§ **Instructions to follow**
Copy every record that follows, word for word.

Collected data:
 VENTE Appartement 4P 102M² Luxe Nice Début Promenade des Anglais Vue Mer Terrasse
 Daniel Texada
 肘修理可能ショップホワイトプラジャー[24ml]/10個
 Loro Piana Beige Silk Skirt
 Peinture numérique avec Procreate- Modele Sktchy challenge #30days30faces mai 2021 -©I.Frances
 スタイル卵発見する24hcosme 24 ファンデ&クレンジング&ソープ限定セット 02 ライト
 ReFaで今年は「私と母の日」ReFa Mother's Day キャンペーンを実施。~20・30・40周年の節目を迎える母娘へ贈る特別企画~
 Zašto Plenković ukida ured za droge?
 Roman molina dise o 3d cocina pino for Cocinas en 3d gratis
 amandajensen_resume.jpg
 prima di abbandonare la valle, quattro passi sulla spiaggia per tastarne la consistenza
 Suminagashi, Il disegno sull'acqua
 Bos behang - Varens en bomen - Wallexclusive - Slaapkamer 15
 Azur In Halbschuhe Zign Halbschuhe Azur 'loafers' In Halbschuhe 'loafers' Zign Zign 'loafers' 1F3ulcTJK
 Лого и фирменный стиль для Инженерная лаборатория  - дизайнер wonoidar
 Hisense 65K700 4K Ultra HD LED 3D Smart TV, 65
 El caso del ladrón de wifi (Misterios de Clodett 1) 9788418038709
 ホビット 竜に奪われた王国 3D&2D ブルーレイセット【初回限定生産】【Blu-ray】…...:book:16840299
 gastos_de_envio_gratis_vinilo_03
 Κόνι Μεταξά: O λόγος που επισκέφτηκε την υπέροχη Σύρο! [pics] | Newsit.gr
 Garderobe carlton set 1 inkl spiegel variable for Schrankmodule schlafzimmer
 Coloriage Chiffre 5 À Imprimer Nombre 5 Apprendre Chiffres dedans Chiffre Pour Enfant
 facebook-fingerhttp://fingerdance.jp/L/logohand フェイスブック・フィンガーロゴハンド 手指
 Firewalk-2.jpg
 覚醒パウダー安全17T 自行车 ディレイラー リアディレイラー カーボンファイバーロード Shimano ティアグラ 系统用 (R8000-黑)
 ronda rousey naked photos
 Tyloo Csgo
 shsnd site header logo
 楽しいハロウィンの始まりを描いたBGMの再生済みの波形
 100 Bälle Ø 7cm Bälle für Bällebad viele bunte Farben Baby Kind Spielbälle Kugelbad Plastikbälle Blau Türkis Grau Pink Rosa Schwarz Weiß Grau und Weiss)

§ **Worked solution**
 VENTE Appartement 4P 102M² Luxe Nice Début Promenade des Anglais Vue Mer Terrasse
 Daniel Texada
 肘修理可能ショップホワイトプラジャー[24ml]/10個
 Loro Piana Beige Silk Skirt
 Peinture numérique avec Procreate- Modele Sktchy challenge #30days30faces mai 2021 -©I.Frances
 スタイル卵発見する24hcosme 24 ファンデ&クレンジング&ソープ限定セット 02 ライト
 ReFaで今年は「私と母の日」ReFa Mother's Day キャンペーンを実施。~20・30・40周年の節目を迎える母娘へ贈る特別企画~
 Zašto Plenković ukida ured za droge?
 Roman molina dise o 3d cocina pino for Cocinas en 3d gratis
 amandajensen_resume.jpg
 prima di abbandonare la valle, quattro passi sulla spiaggia per tastarne la consistenza
 Suminagashi, Il disegno sull'acqua
 Bos behang - Varens en bomen - Wallexclusive - Slaapkamer 15
 Azur In Halbschuhe Zign Halbschuhe Azur 'loafers' In Halbschuhe 'loafers' Zign Zign 'loafers' 1F3ulcTJK
 Лого и фирменный стиль для Инженерная лаборатория  - дизайнер wonoidar
 Hisense 65K700 4K Ultra HD LED 3D Smart TV, 65
 El caso del ladrón de wifi (Misterios de Clodett 1) 9788418038709
 ホビット 竜に奪われた王国 3D&2D ブルーレイセット【初回限定生産】【Blu-ray】…...:book:16840299
 gastos_de_envio_gratis_vinilo_03
 Κόνι Μεταξά: O λόγος που επισκέφτηκε την υπέροχη Σύρο! [pics] | Newsit.gr
 Garderobe carlton set 1 inkl spiegel variable for Schrankmodule schlafzimmer
 Coloriage Chiffre 5 À Imprimer Nombre 5 Apprendre Chiffres dedans Chiffre Pour Enfant
 facebook-fingerhttp://fingerdance.jp/L/logohand フェイスブック・フィンガーロゴハンド 手指
 Firewalk-2.jpg
 覚醒パウダー安全17T 自行车 ディレイラー リアディレイラー カーボンファイバーロード Shimano ティアグラ 系统用 (R8000-黑)
 ronda rousey naked photos
 Tyloo Csgo
 shsnd site header logo
 楽しいハロウィンの始まりを描いたBGMの再生済みの波形
 100 Bälle Ø 7cm Bälle für Bällebad viele bunte Farben Baby Kind Spielbälle Kugelbad Plastikbälle Blau Türkis Grau Pink Rosa Schwarz Weiß Grau und Weiss)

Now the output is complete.